* _DATASET CONTENT_:
########################################
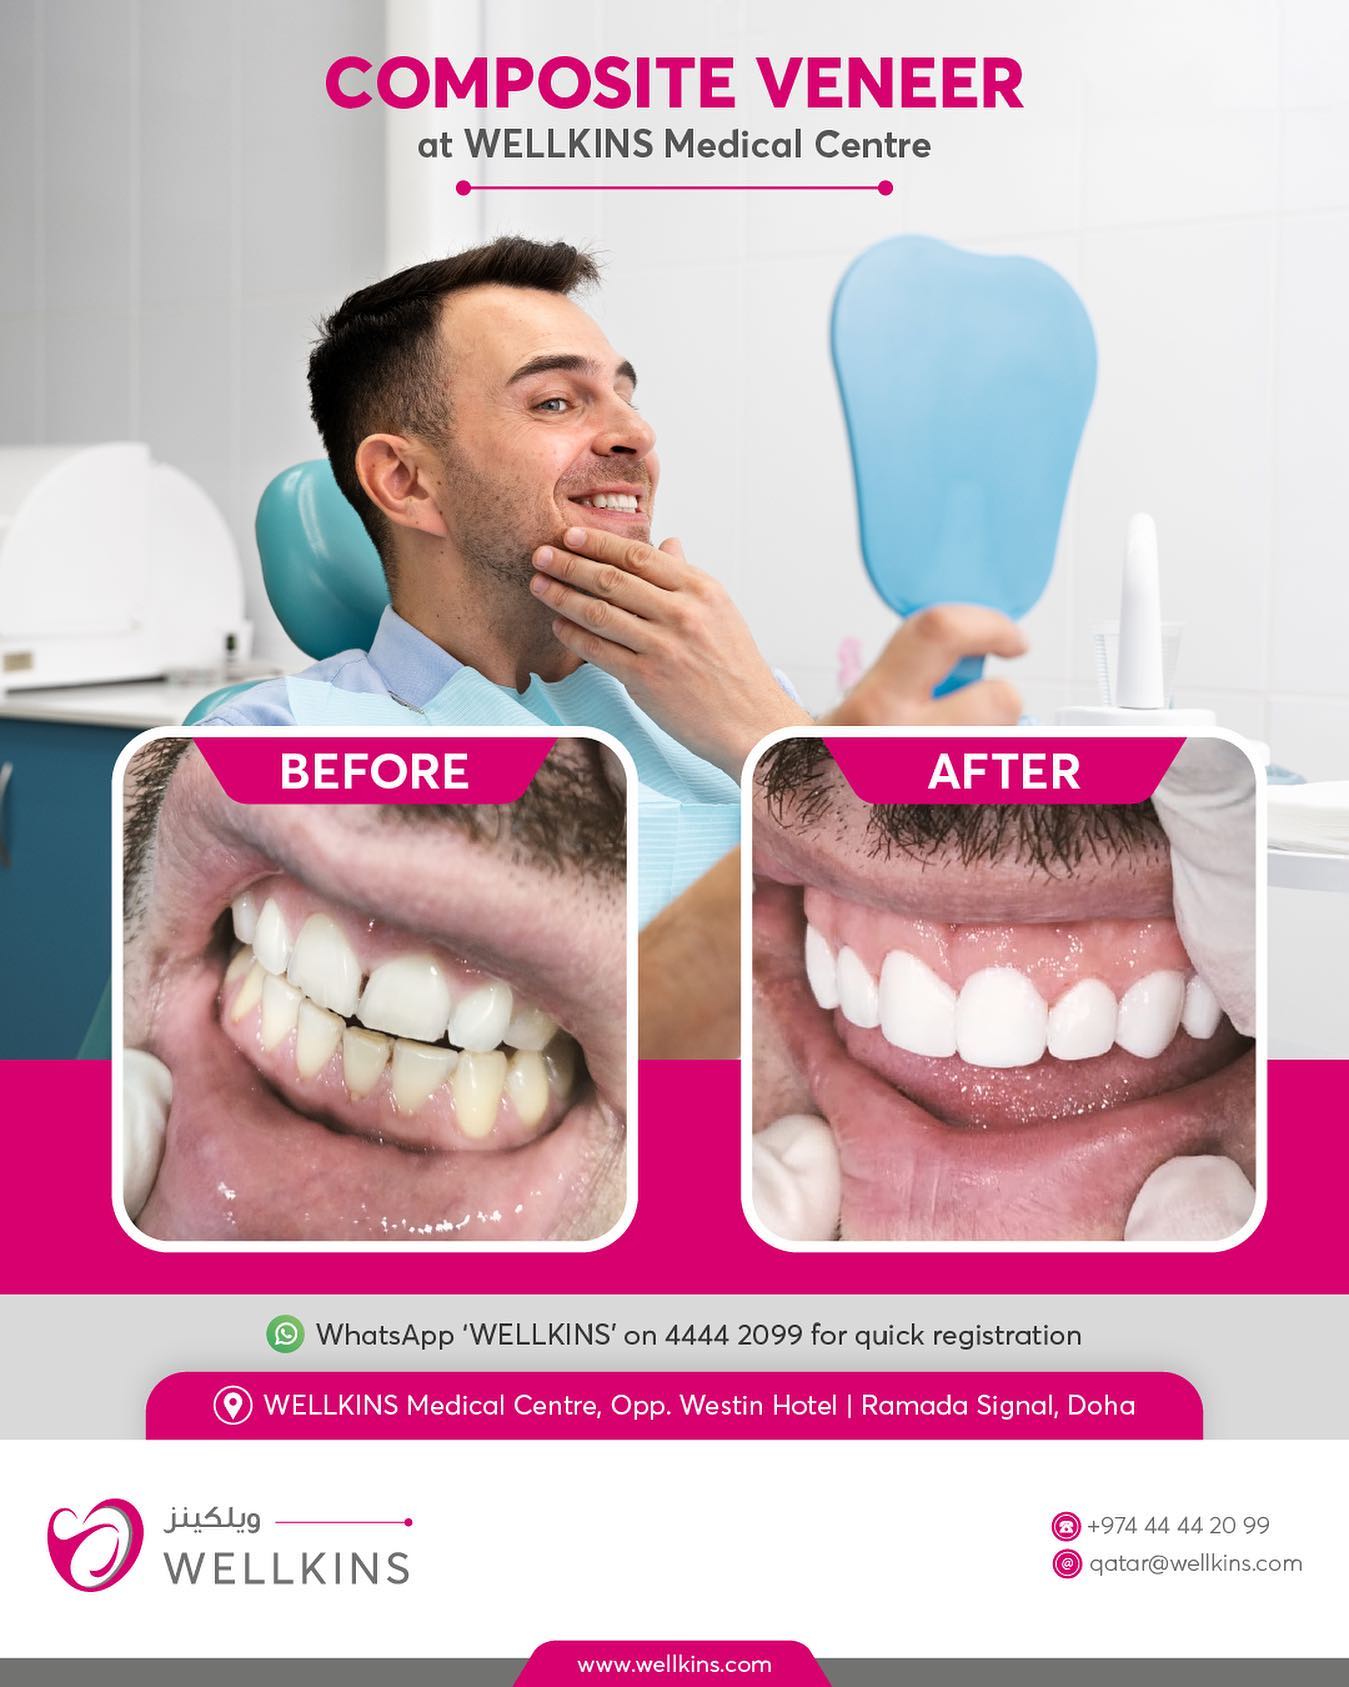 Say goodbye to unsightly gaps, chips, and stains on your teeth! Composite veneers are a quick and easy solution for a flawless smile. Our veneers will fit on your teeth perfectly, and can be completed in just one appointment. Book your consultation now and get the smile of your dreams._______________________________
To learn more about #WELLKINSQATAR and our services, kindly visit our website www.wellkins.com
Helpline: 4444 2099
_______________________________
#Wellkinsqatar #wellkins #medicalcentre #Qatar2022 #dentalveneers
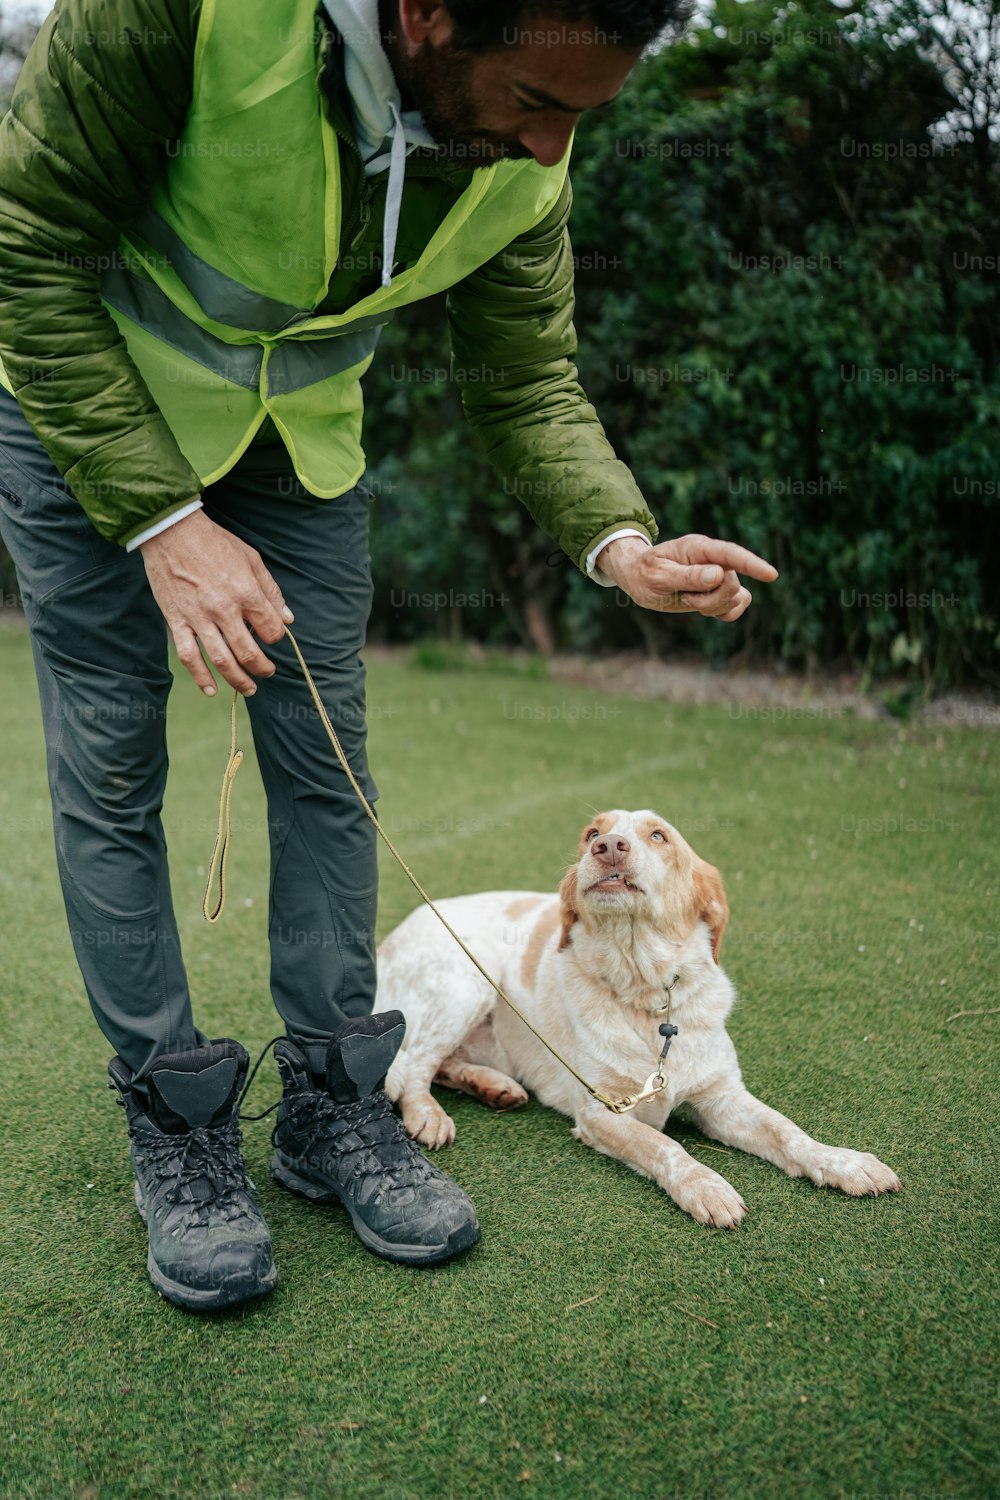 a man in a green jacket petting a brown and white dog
########################################
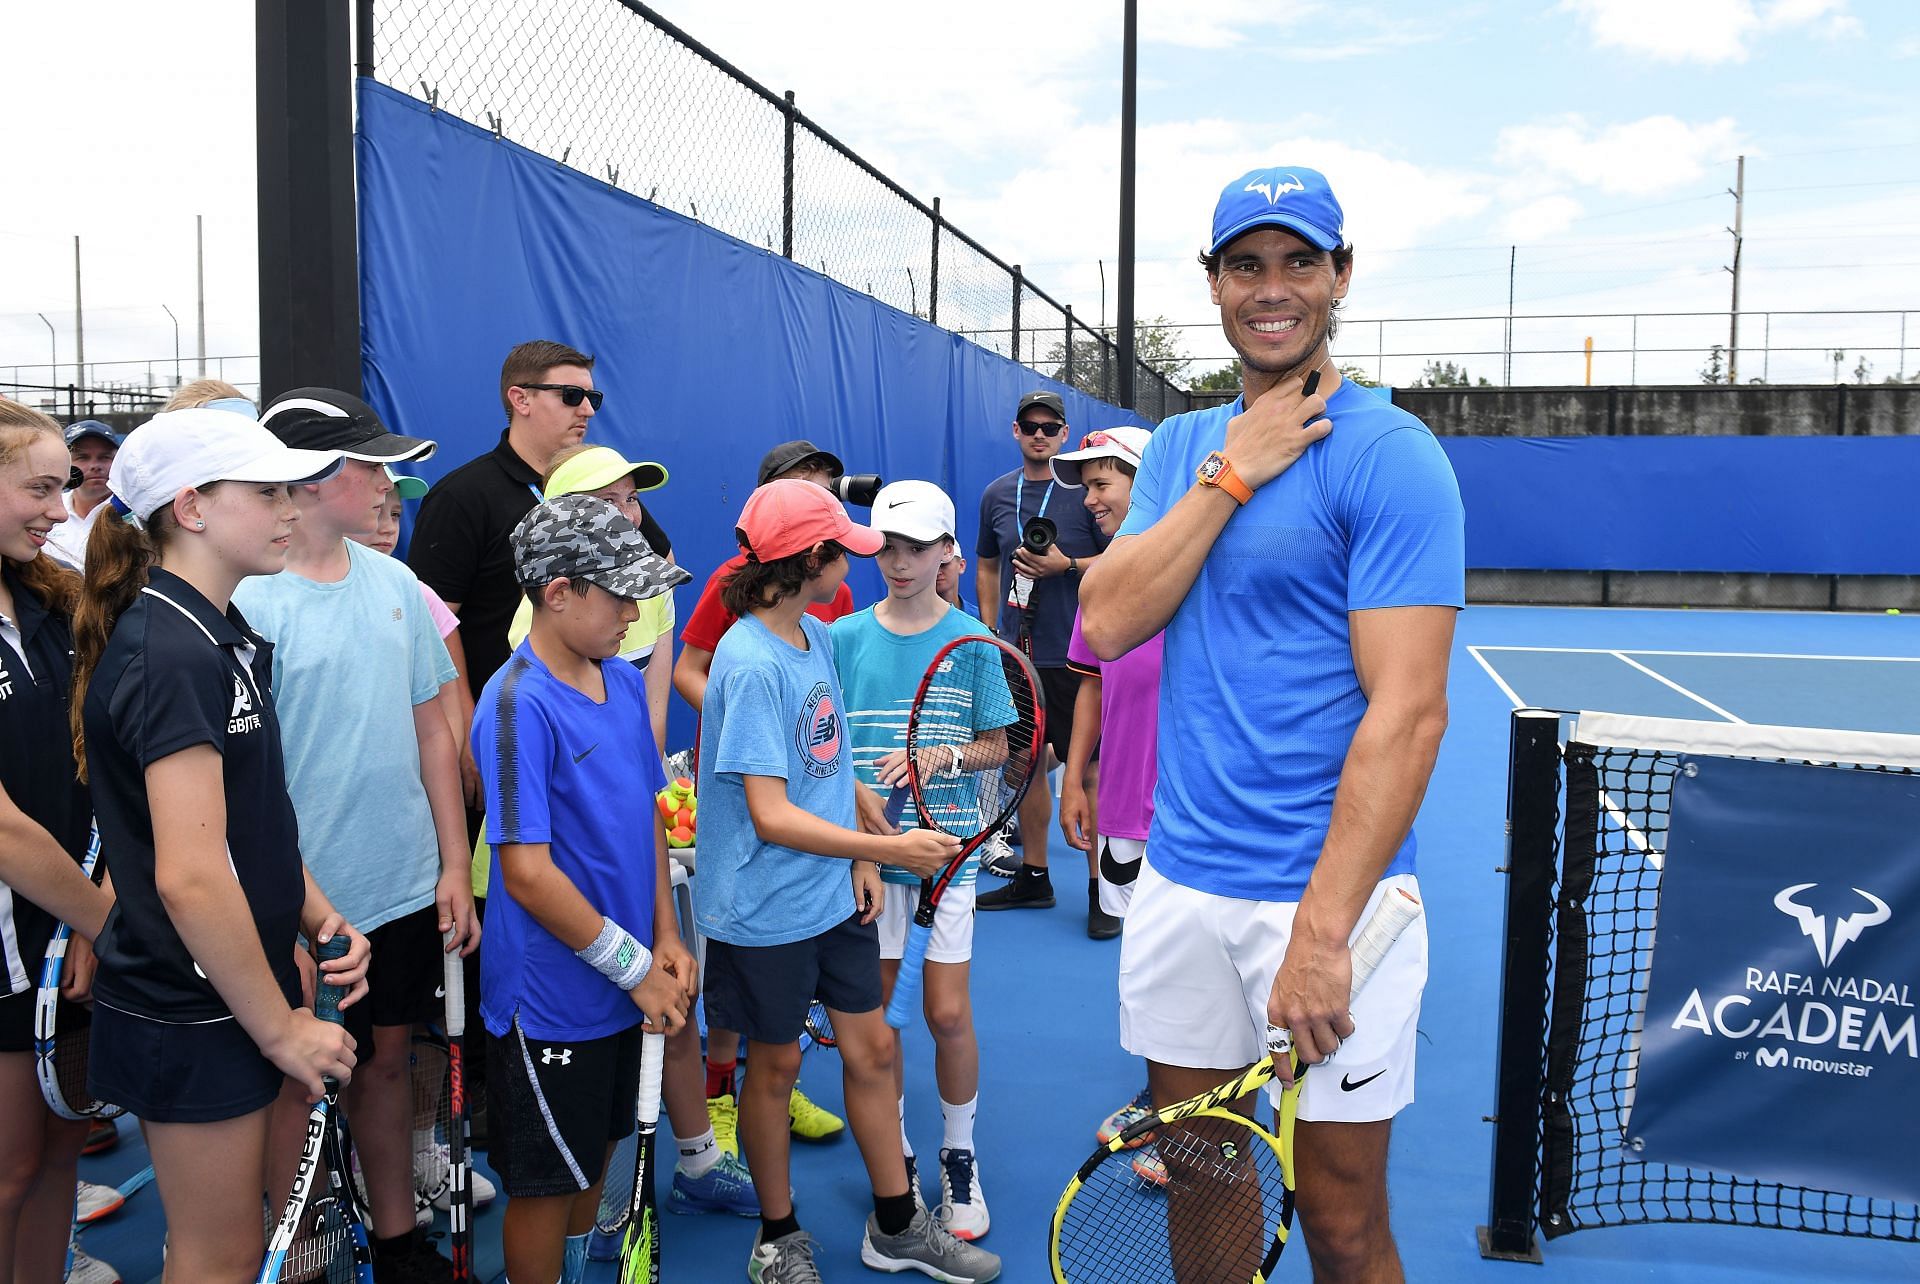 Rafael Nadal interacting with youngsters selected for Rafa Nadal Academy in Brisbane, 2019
########################################
* _TASK INSTRUCTIONS_: Taking the material above, give again exactly the lines from the one holding "To learn more" through the one holding "a man in a green", with both ends and without pictures.

* _ANSWER SECTION_:
To learn more about #WELLKINSQATAR and our services, kindly visit our website www.wellkins.com
Helpline: 4444 2099
_______________________________
#Wellkinsqatar #wellkins #medicalcentre #Qatar2022 #dentalveneers
 a man in a green jacket petting a brown and white dog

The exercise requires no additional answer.